Fordham College Republicans withdraw Coulter invite

Faculty members got into the act as well. In a memo, Gwenyth Jackaway, a professor of communication and media studies, agreed that Fordham should not forcibly rescind Coulter’s invitation, The Observer notes. At the same time, Jackaway said she was “saddened and disappointed that there are students at Fordham who would want to invite Ms. Coulter.”

Jackaway, who teaches a course focusing on freedom of expression, also charged that Coulter and her ilk “inflame emotions that can be harmful to the safety and stability of our society.”

On Nov. 10, Fordham’s College Republicans caved in to mounting pressure from both students and administrators. Their statement, published by The Observer, argues that they were ignorant of Coulter’s views and her status as a notorious provocateur.

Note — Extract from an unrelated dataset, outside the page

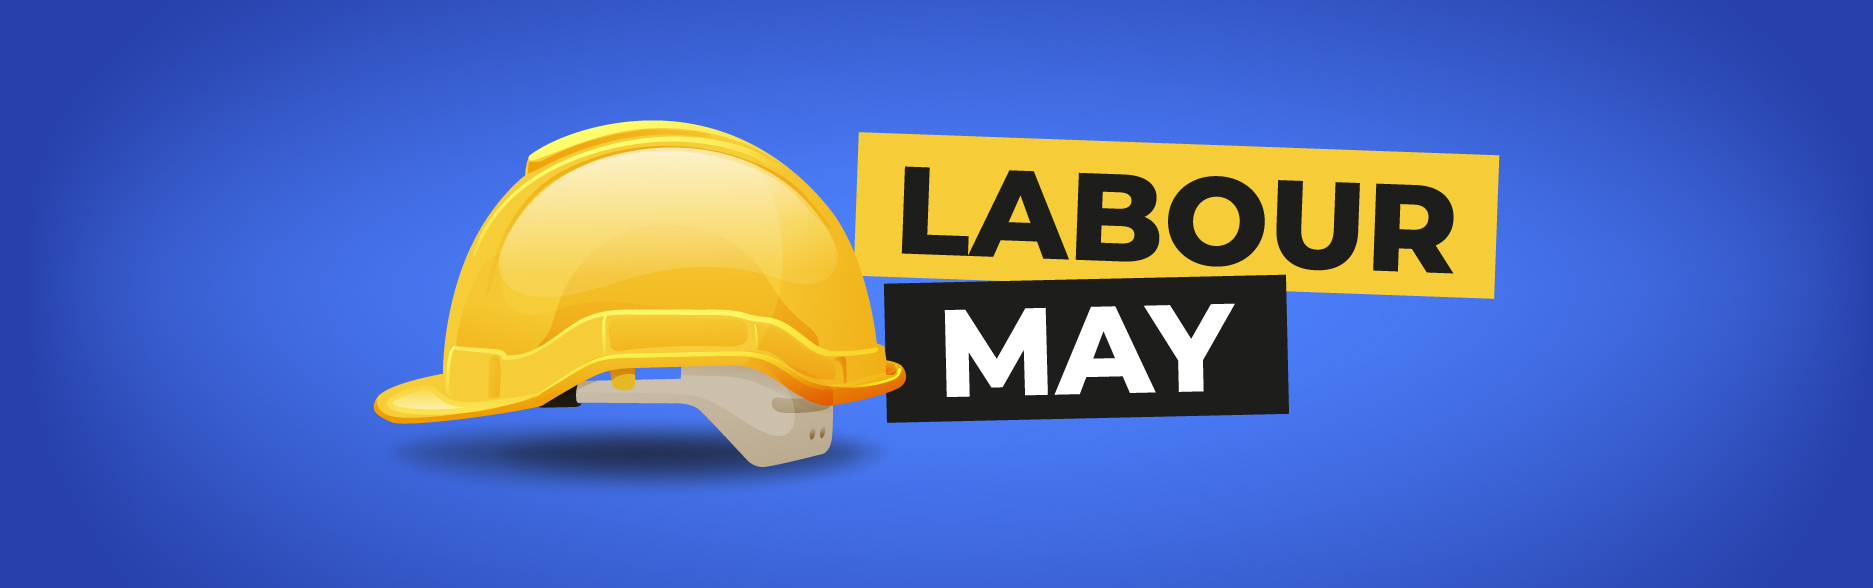 slide-labour-may

“The College Republicans regret the controversy surrounding our planned lecture featuring Ann Coulter,” the group says in their statement. “The size and severity of opposition to this event have caught us by surprise, and caused us to question our decision to welcome her to Rose Hill.

“Looking at the concerns raised about Ms. Coulter, many of them reasonable, we have determined that some of her comments do not represent the ideals of the College Republicans and are inconsistent with both our organization’s mission, and the University’s. We regret that we failed to thoroughly research her before announcing…”

“We have decided that it was in our best interest to cancel the event,” Theodore Conrad, president of Fordham’s College Republicans said, according to The Observer.

“We did not properly vet a potential speaker for Fordham University,” Conrad told The Observer. “I feel we would be doing a lot of people a disservice in bringing a speaker like that to Fordham.”

Fordham’s College Republicans also claim to have made their decision to rescind the invitation before McShane dressed them down in his Nov. 9 statement.

“We made this choice freely, before Father McShane’s email was sent out and we became aware of his feelings,” the statement by the College Republicans continues. “Had the President simply reached out to us before releasing his statement he would have learned that the event was being cancelled.”

After the College Republicans cancelled the Coulter appearance, McShane issued another statement that showered praise on the College Republicans, according to The Observer. McShane said they “acted quickly, took responsibility for their decisions, and expressed their regrets sincerely and eloquently.”

McShane also suggested that the Fordham community, by denying Coulter the opportunity to speak, had engaged in “civil debate on politics, academic freedom and freedom of speech.”